Self-Definition
I didn’t ask to be born into a Jewish family, but I did invite a certain amount of guilt into my life when:
- I became a Software Engineer out of college and later a Consultant, two jobs that not only didn’t exist 50 years ago but couldn’t have. I get the sense that my relatives assume that I’m always on the verge of financial ruin because I can’t explain to them what I do for a living in less than 3 words and it’s considered normal for me to lose my job once per calendar year.
- I moved from the suburbs to the heart of Downtown Cleveland, which to them is tantamount in safety to living on a bus in the Gaza Strip.
Their disappointment is palpable, and it doesn’t take a body language expert to discern as much. In reality, I’m far better off now than I was before I became a consultant, but it’s up to me to figure out why that translates to reactions that stop just short of “Ryan, why do you hate your family?”
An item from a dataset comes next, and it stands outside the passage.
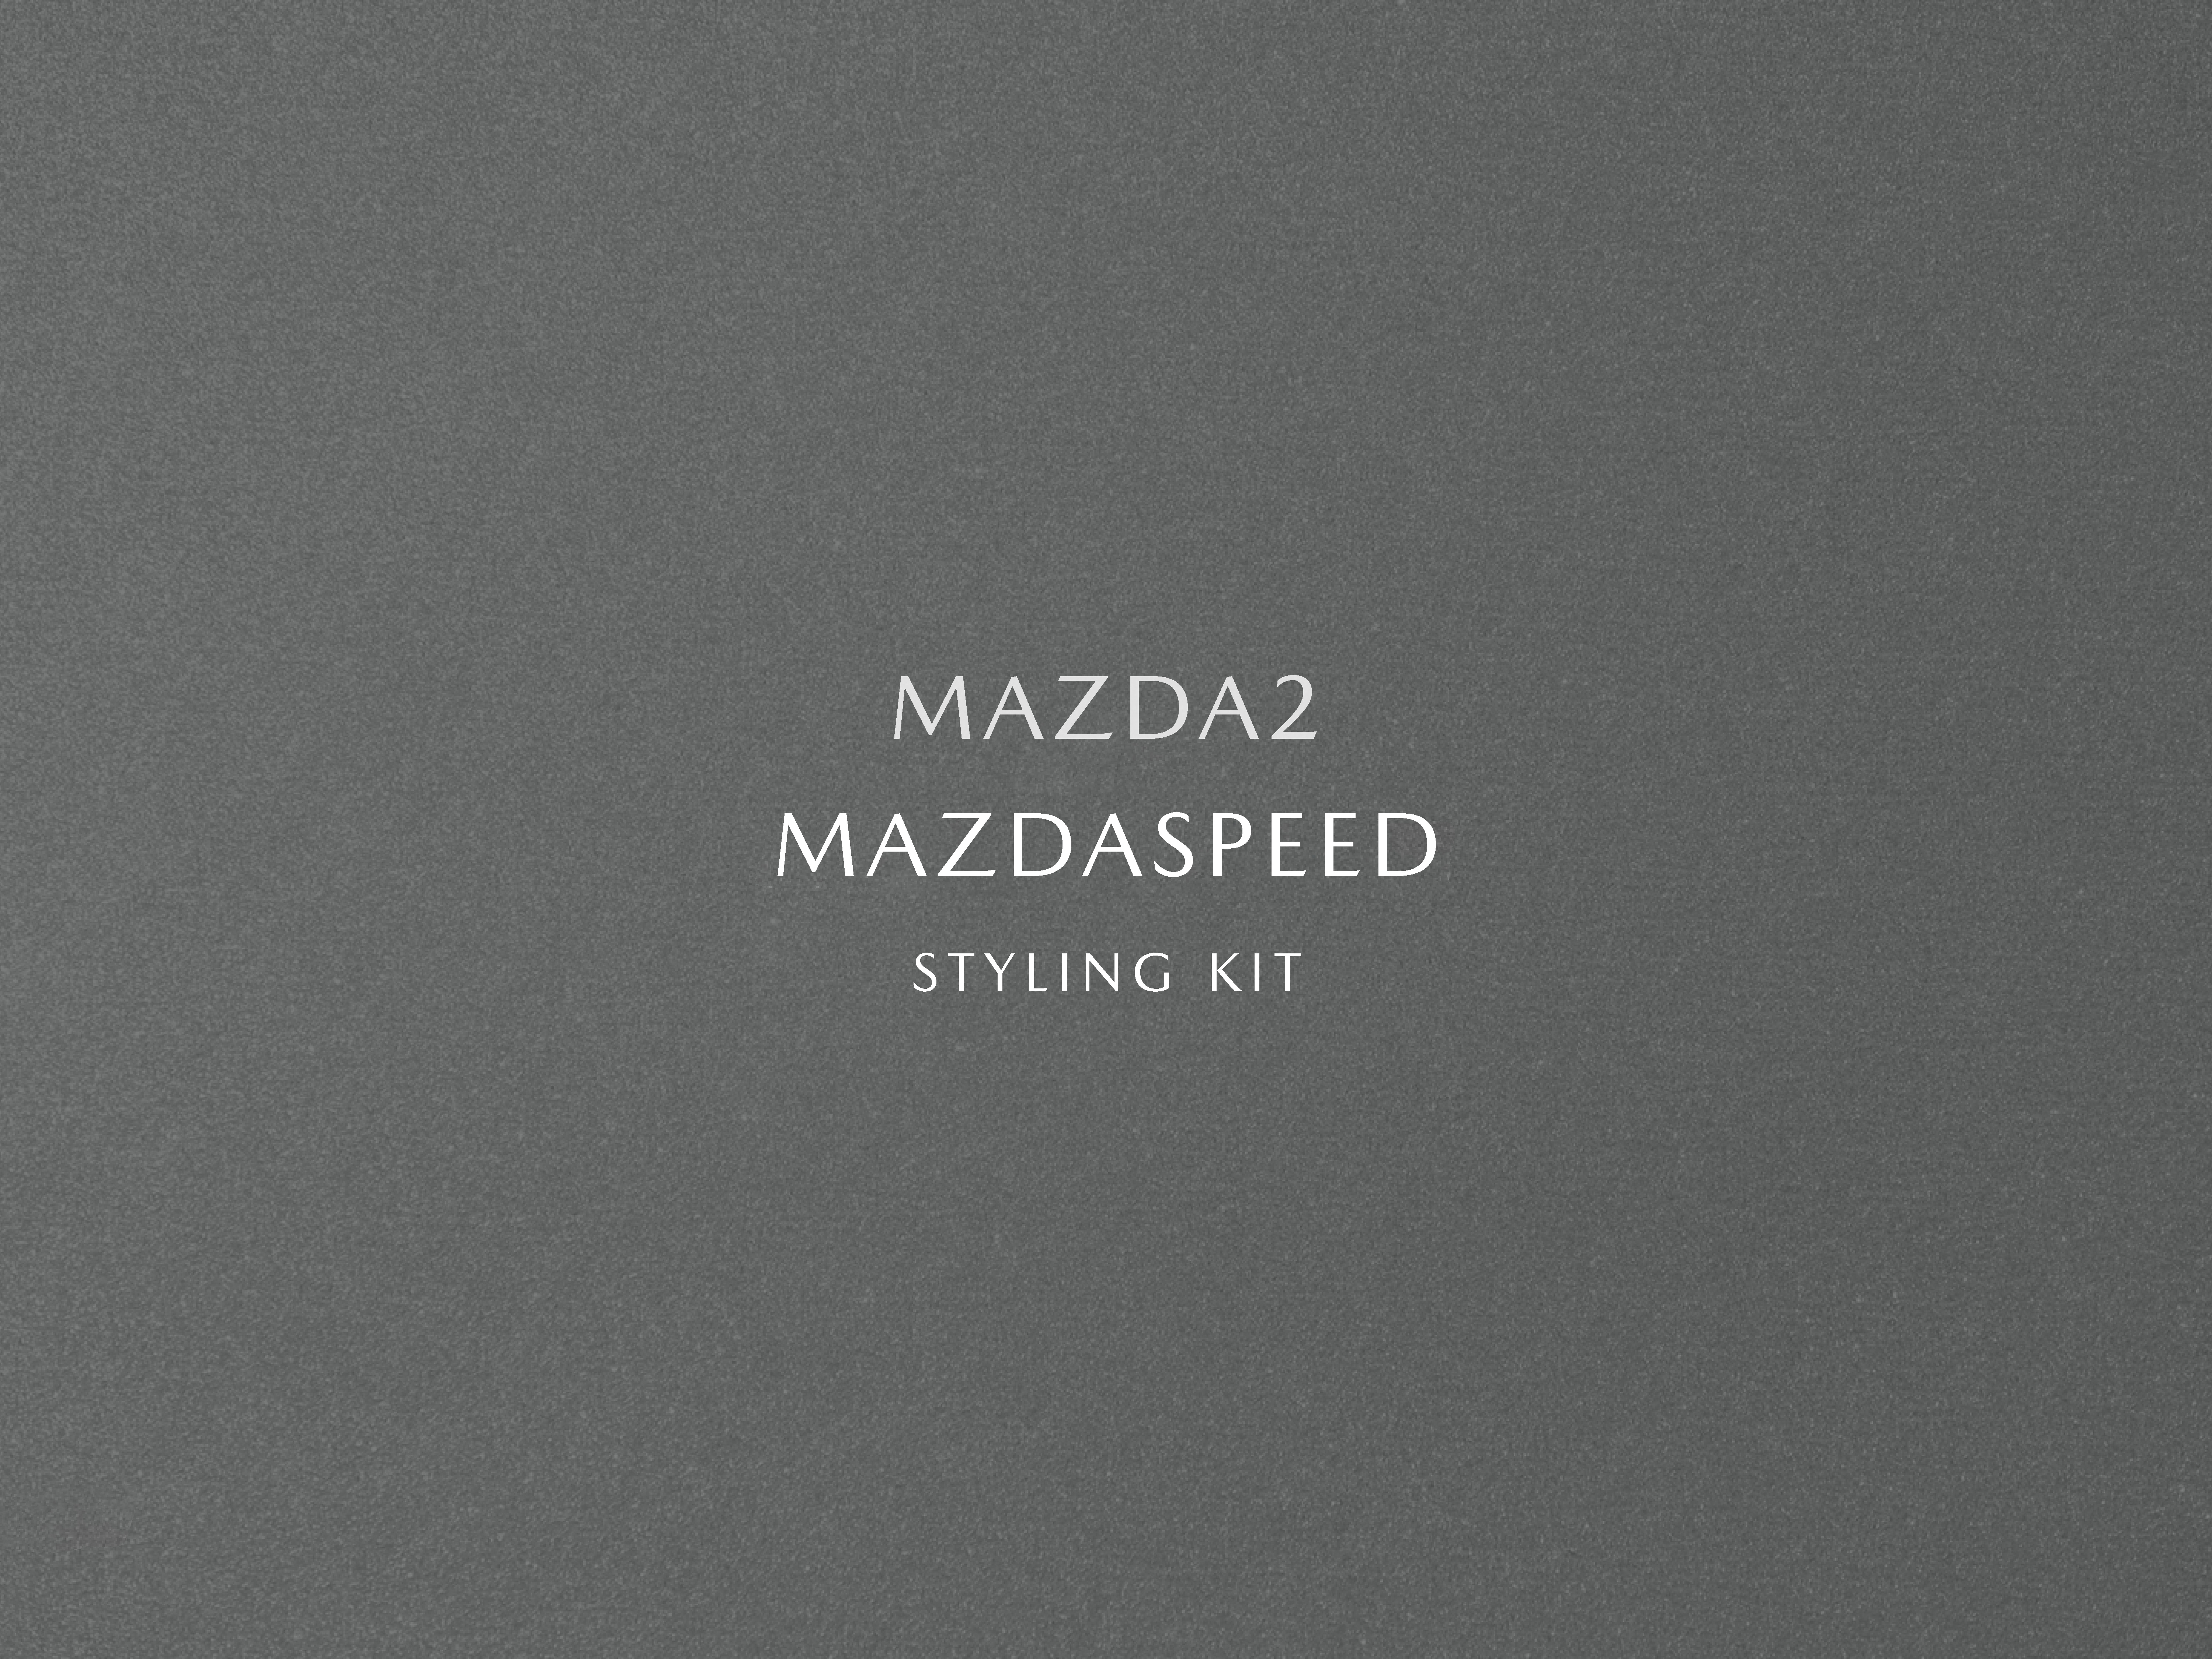 MAZDA 2 MAZDASPEED STYLING KIT

I’m beginning to understand that part of being a knowledge worker (and an adult, for that matter) in the 21st century is having the courage to disappoint people who care about you, especially when that disappointment is borne out of generational misunderstandings. Because let’s be real: We’re playing a completely different game than our parents were. Time was, you could describe what you did for a living in a word or two, and most of the time people could probably tell that anyway just by looking at the clothes you were wearing.
Not anymore though.
“What do you do for a living?”
“I’m a Software Engineer.”
“No, but what do you do for a living?”
“I do a different thing depending on where I work. Companies hire me to solve problems for them.”
“No but what do you do?”
“I, uh, make computers do things.”
“Want to come over this weekend and figure out why my Yahoo! Toolbar is crashing my Internet Explorer?”
It’s hard explaining to people living fruitfully off of their 401Ks, pensions, and Social Security that you’ve chosen your career path in part because those things are no longer a promise. It’s even harder explaining that you’ve chosen your career path because you’ve become seriously bored at every full time job you’ve ever had after about a year anyway.
That sort of stuff is hard to explain, but explaining it is now part of my job description, like it or not. Similarly, it’s also a part of my job (as a member of a family) to allay their concerns, misguided or otherwise. That’s something that can only come with time. Maybe—hopefully—in five or six more years, when I still haven’t starved to death and sold the shirt off my back, they’ll see that I was on to something.
Truth be told, I’m still figuring out what that something is myself.